■ **Work task**
Copy, please, the line with "chaussettes-hummel-noires" and each line that follows it through the end of the data below, exactly as given and without pictures.

■ **Data section**
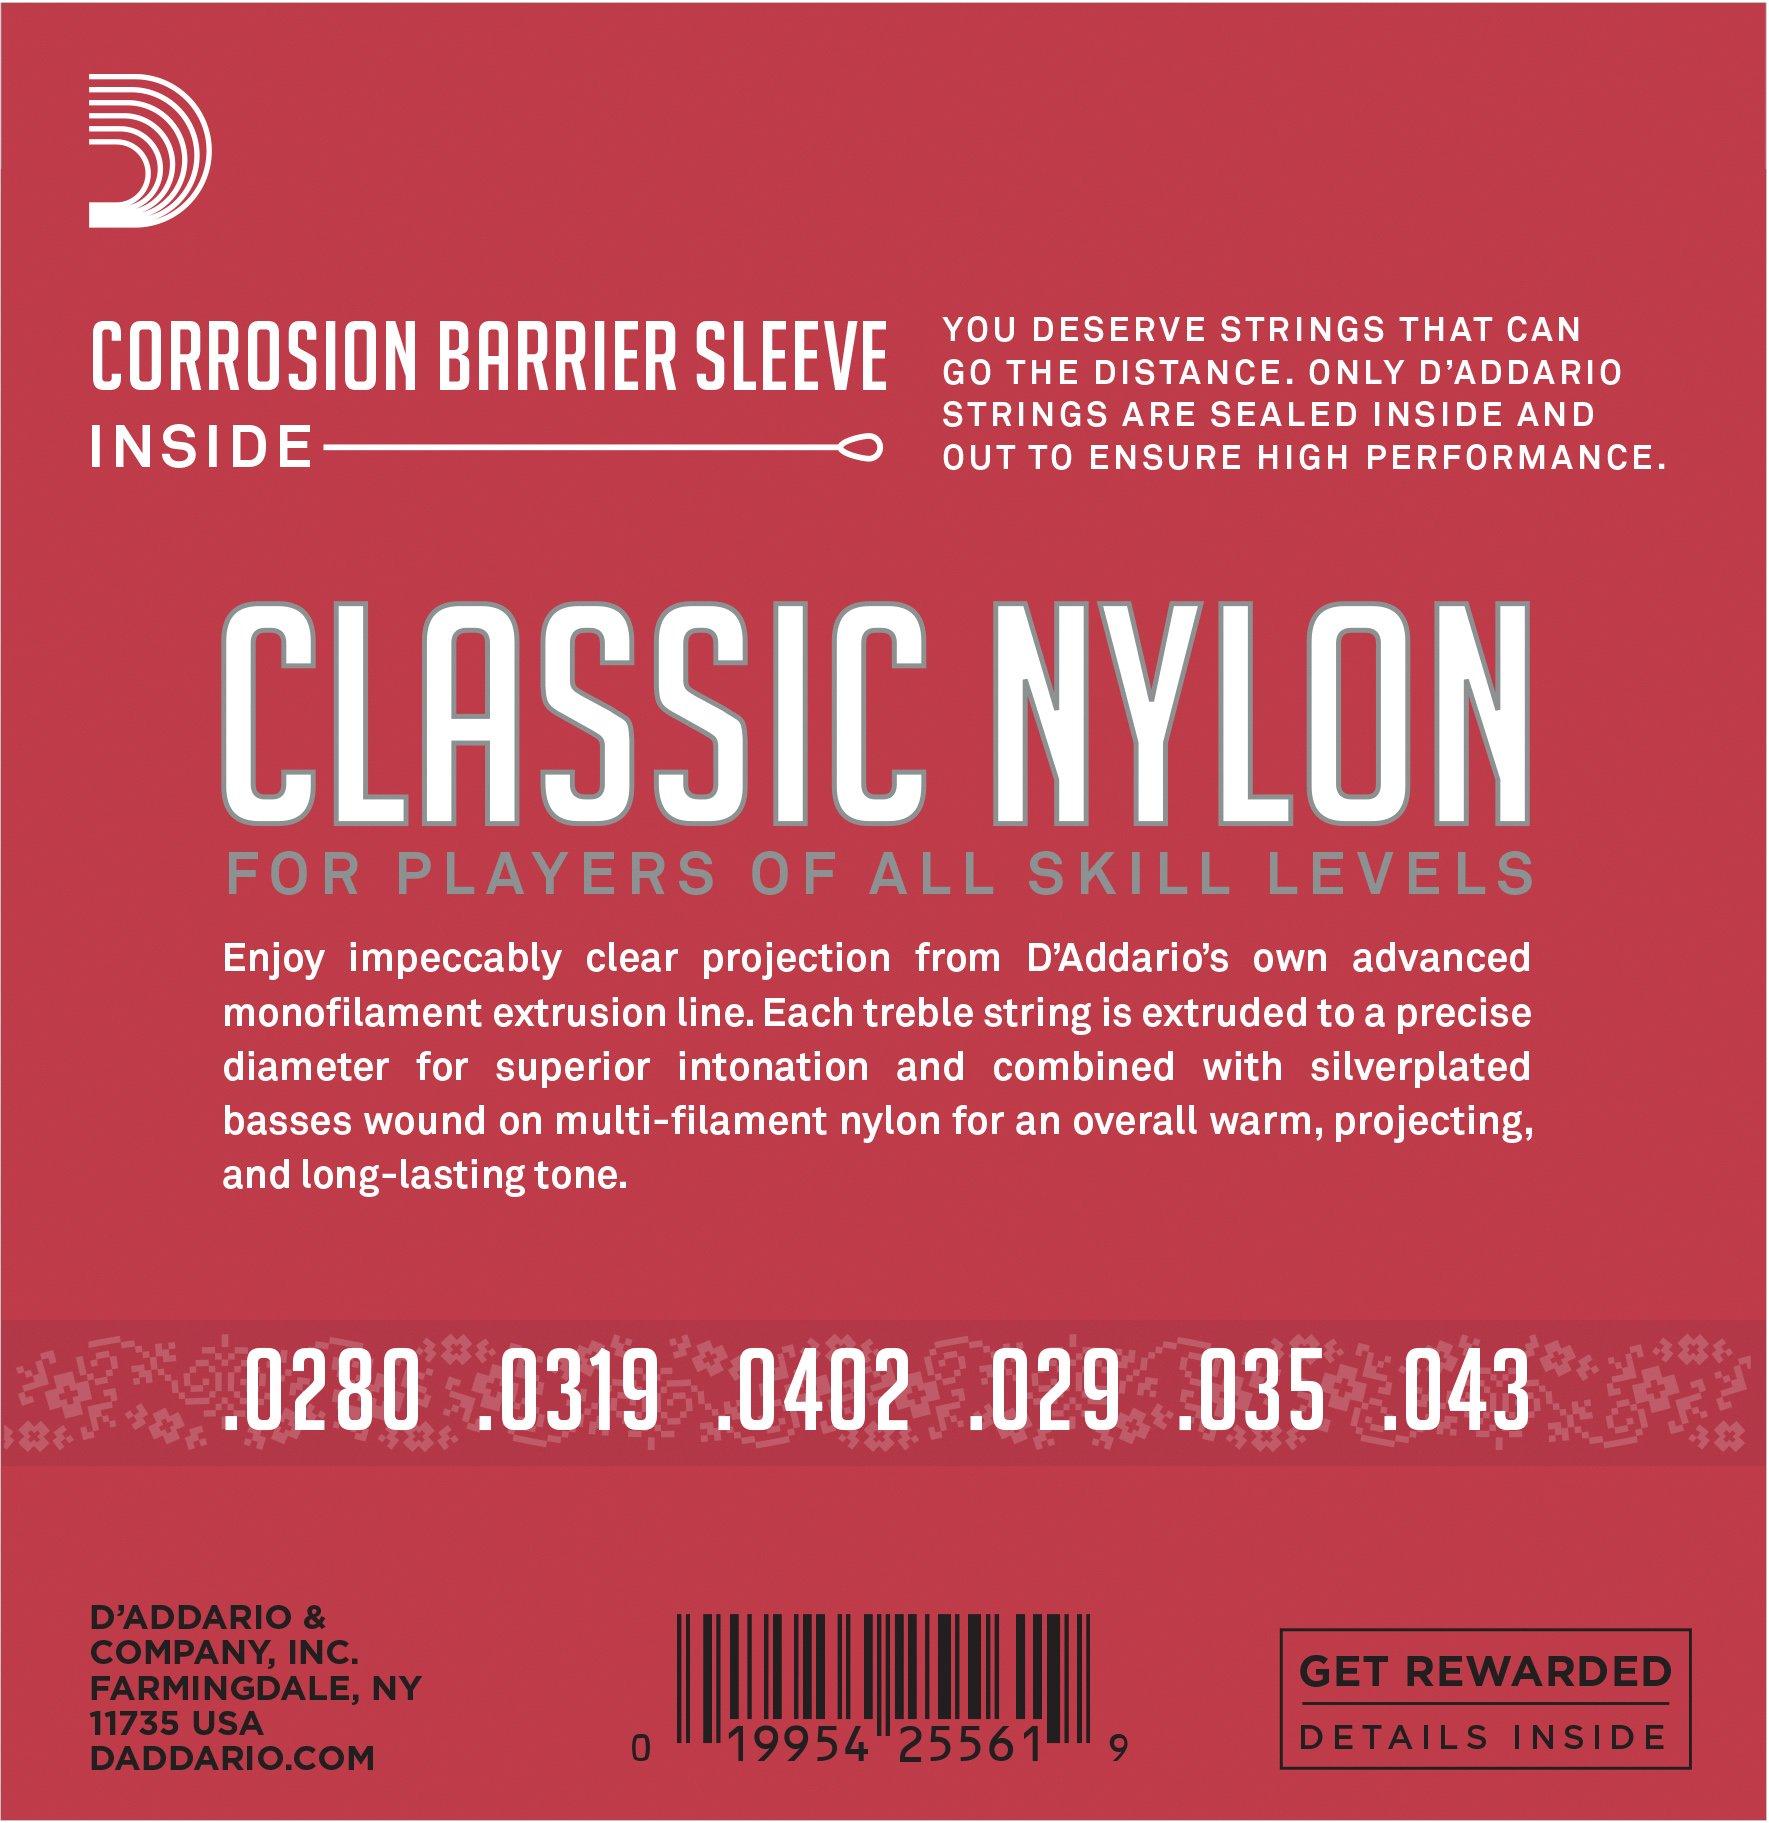 DAddario T4603 Juego de Cuerdas para Guitarra Clásica de Nylon: Amazon.es: Instrumentos musicales
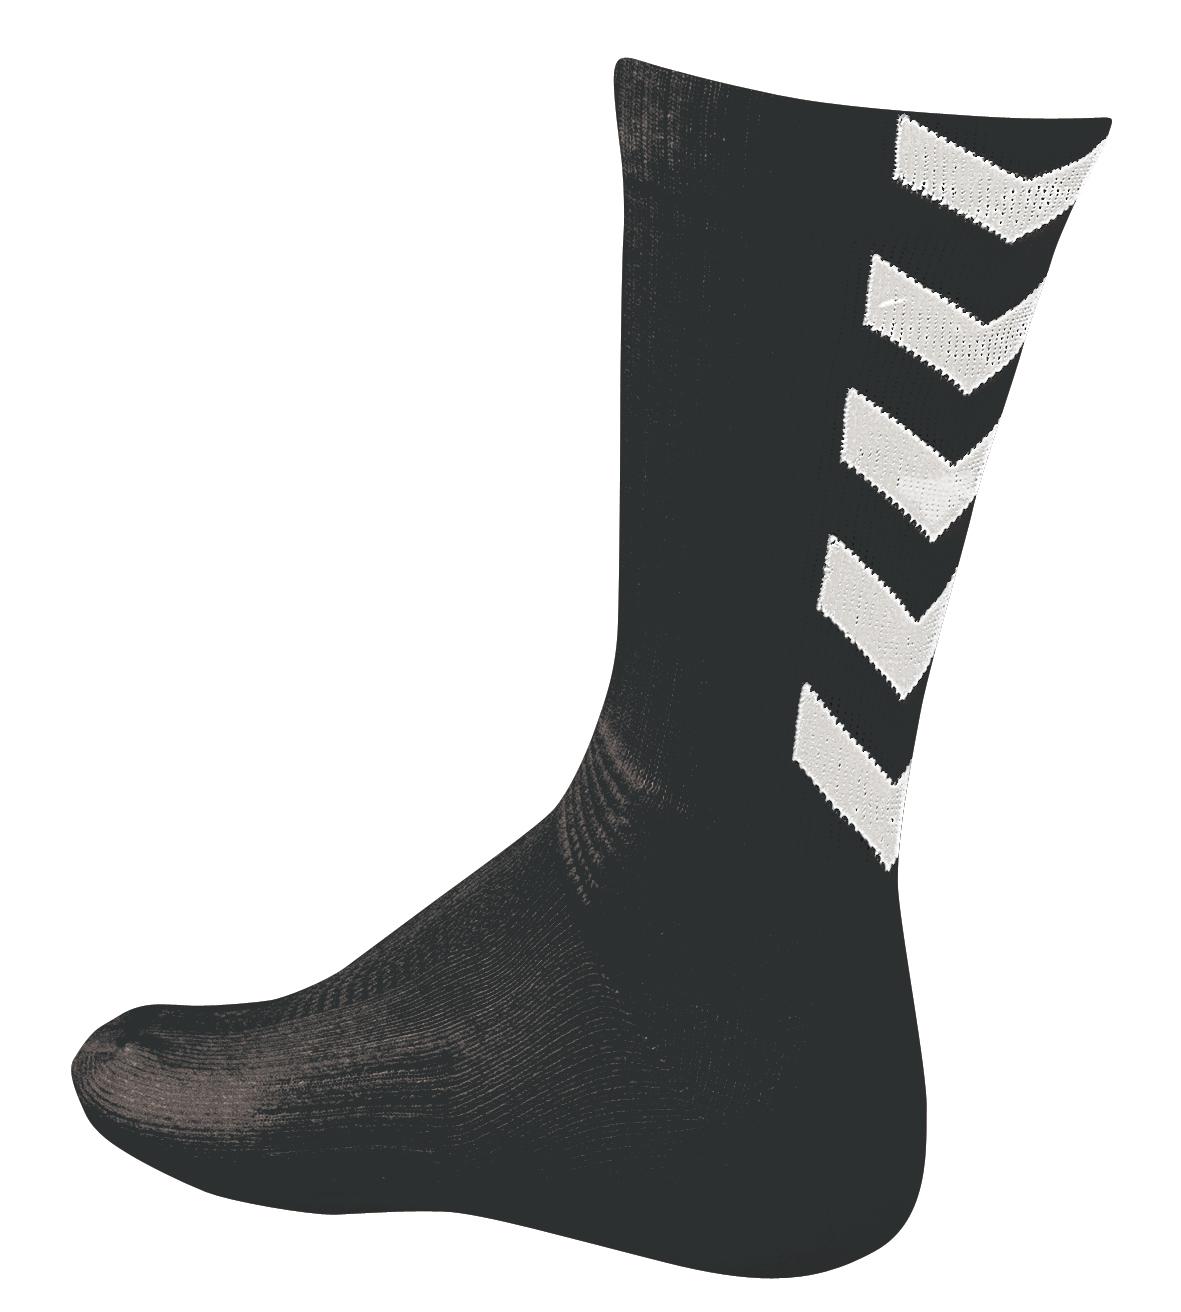 chaussettes-hummel-noires
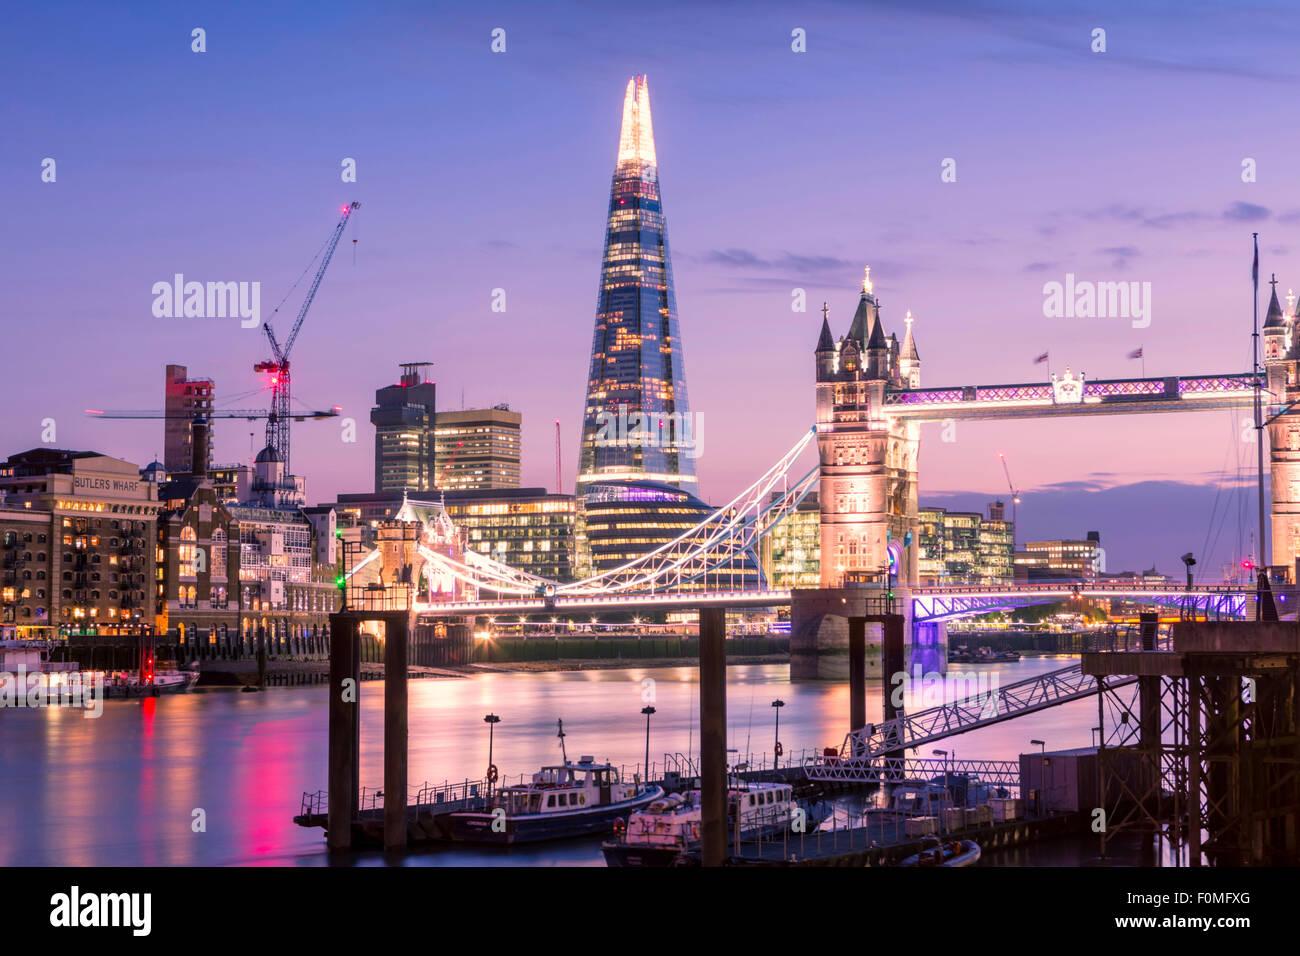 Tower Bridge, rivière Thames et le Shard building à Londres, Angleterre, RU Photo Stock
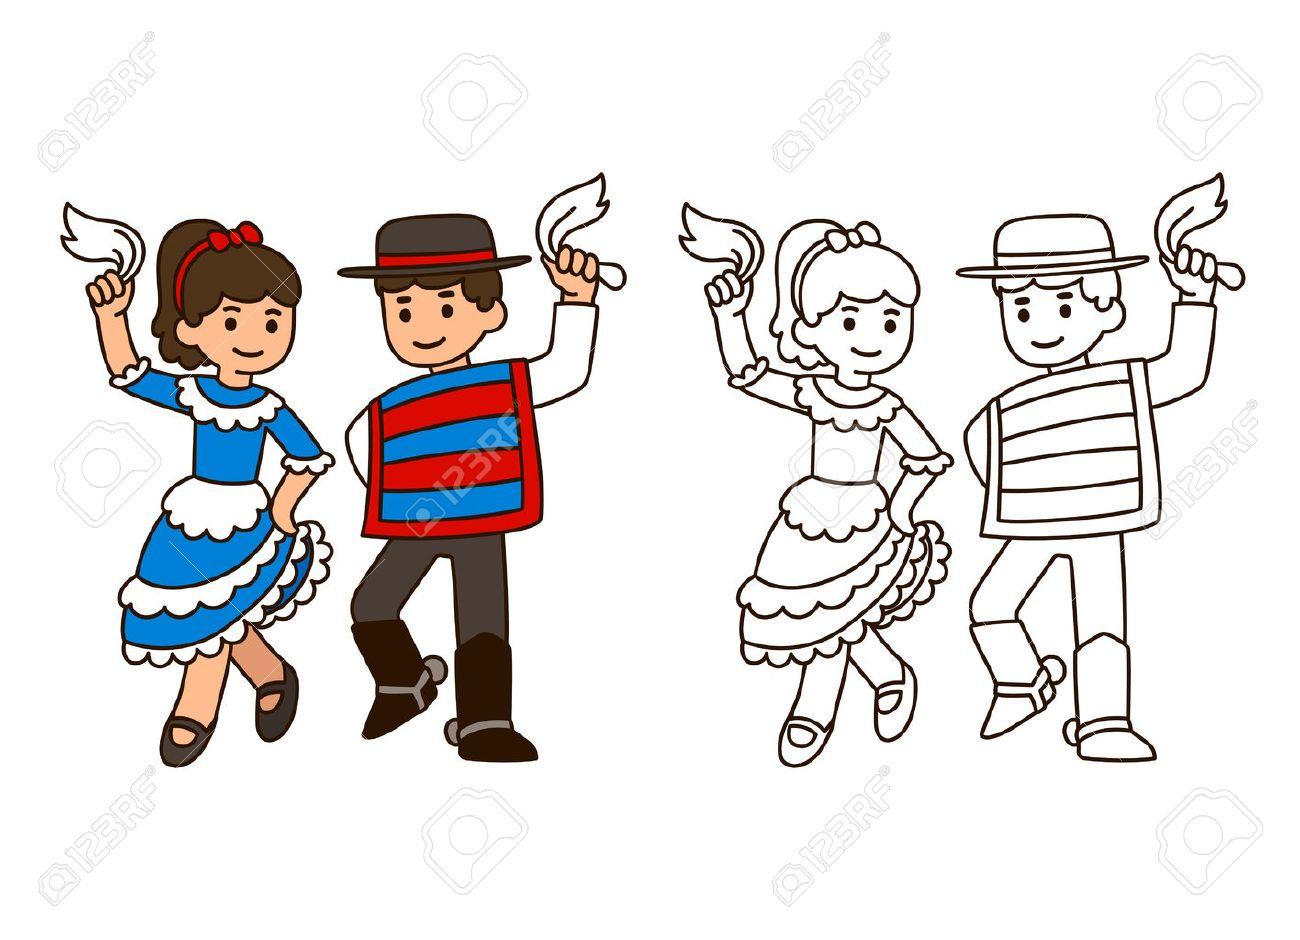 Niños De Dibujos Animados Que Bailan La Cueca La Danza Tradicional En Chile Niño Y Niña Pareja En Trajes Nacionales Modelo Para La Ilustración
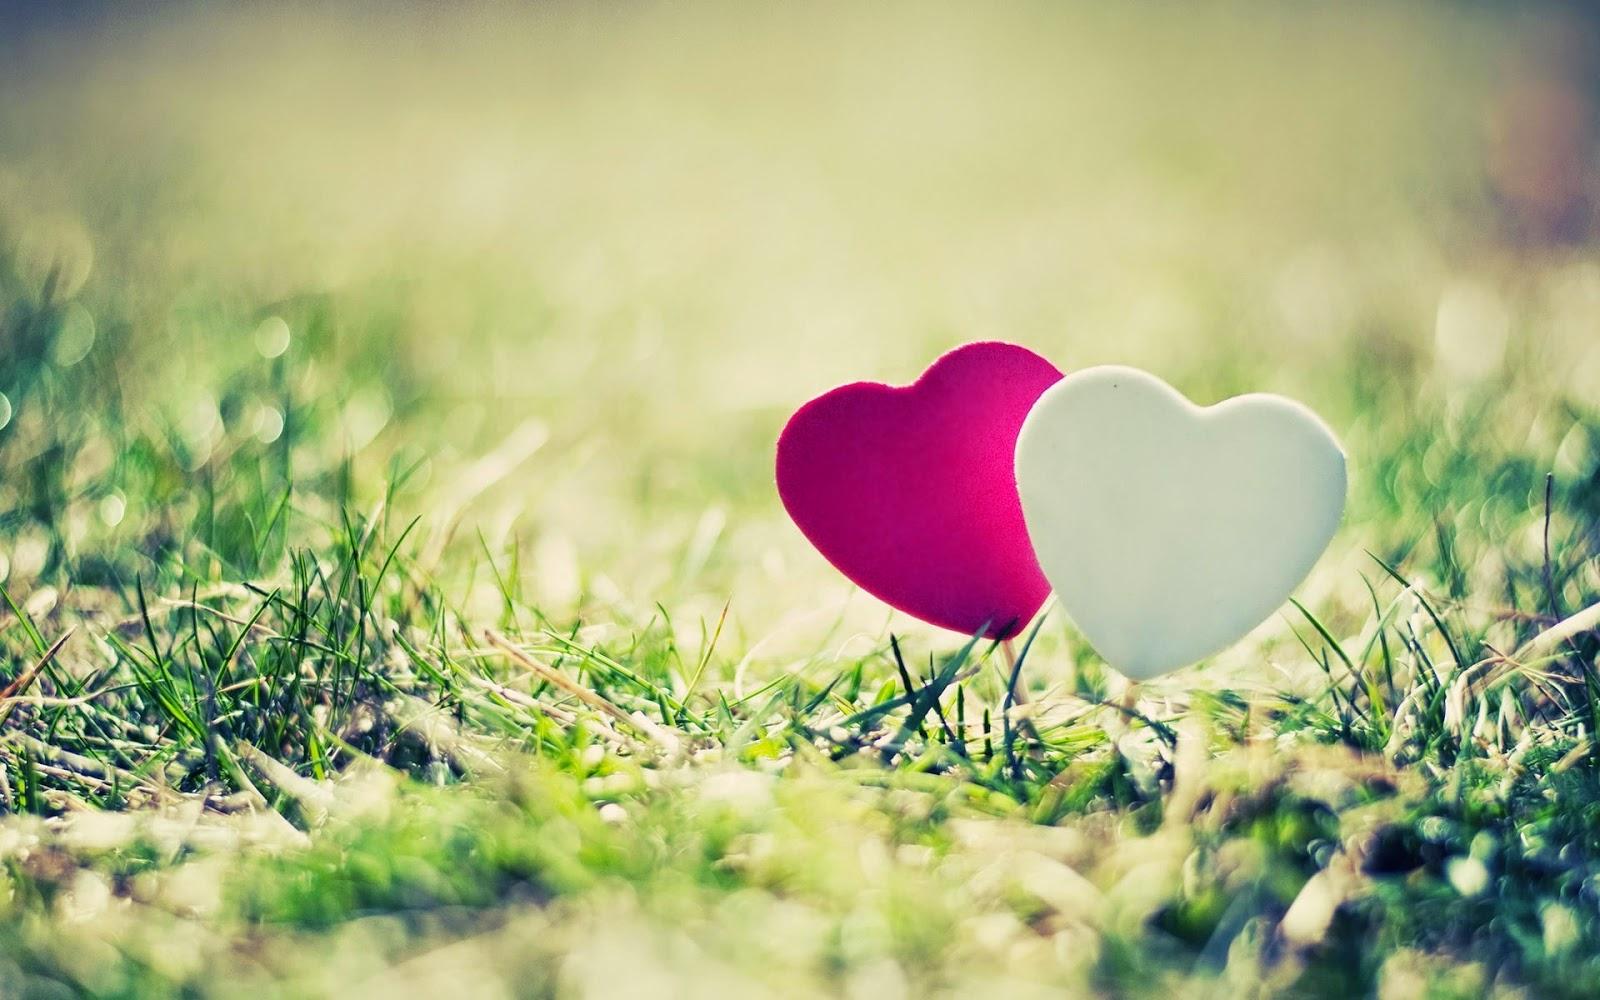 Frases de amor, corazón, perfume, sonrisa, recuerdo.

■ **Result of this task**
 chaussettes-hummel-noires
 Tower Bridge, rivière Thames et le Shard building à Londres, Angleterre, RU Photo Stock
 Niños De Dibujos Animados Que Bailan La Cueca La Danza Tradicional En Chile Niño Y Niña Pareja En Trajes Nacionales Modelo Para La Ilustración
 Frases de amor, corazón, perfume, sonrisa, recuerdo.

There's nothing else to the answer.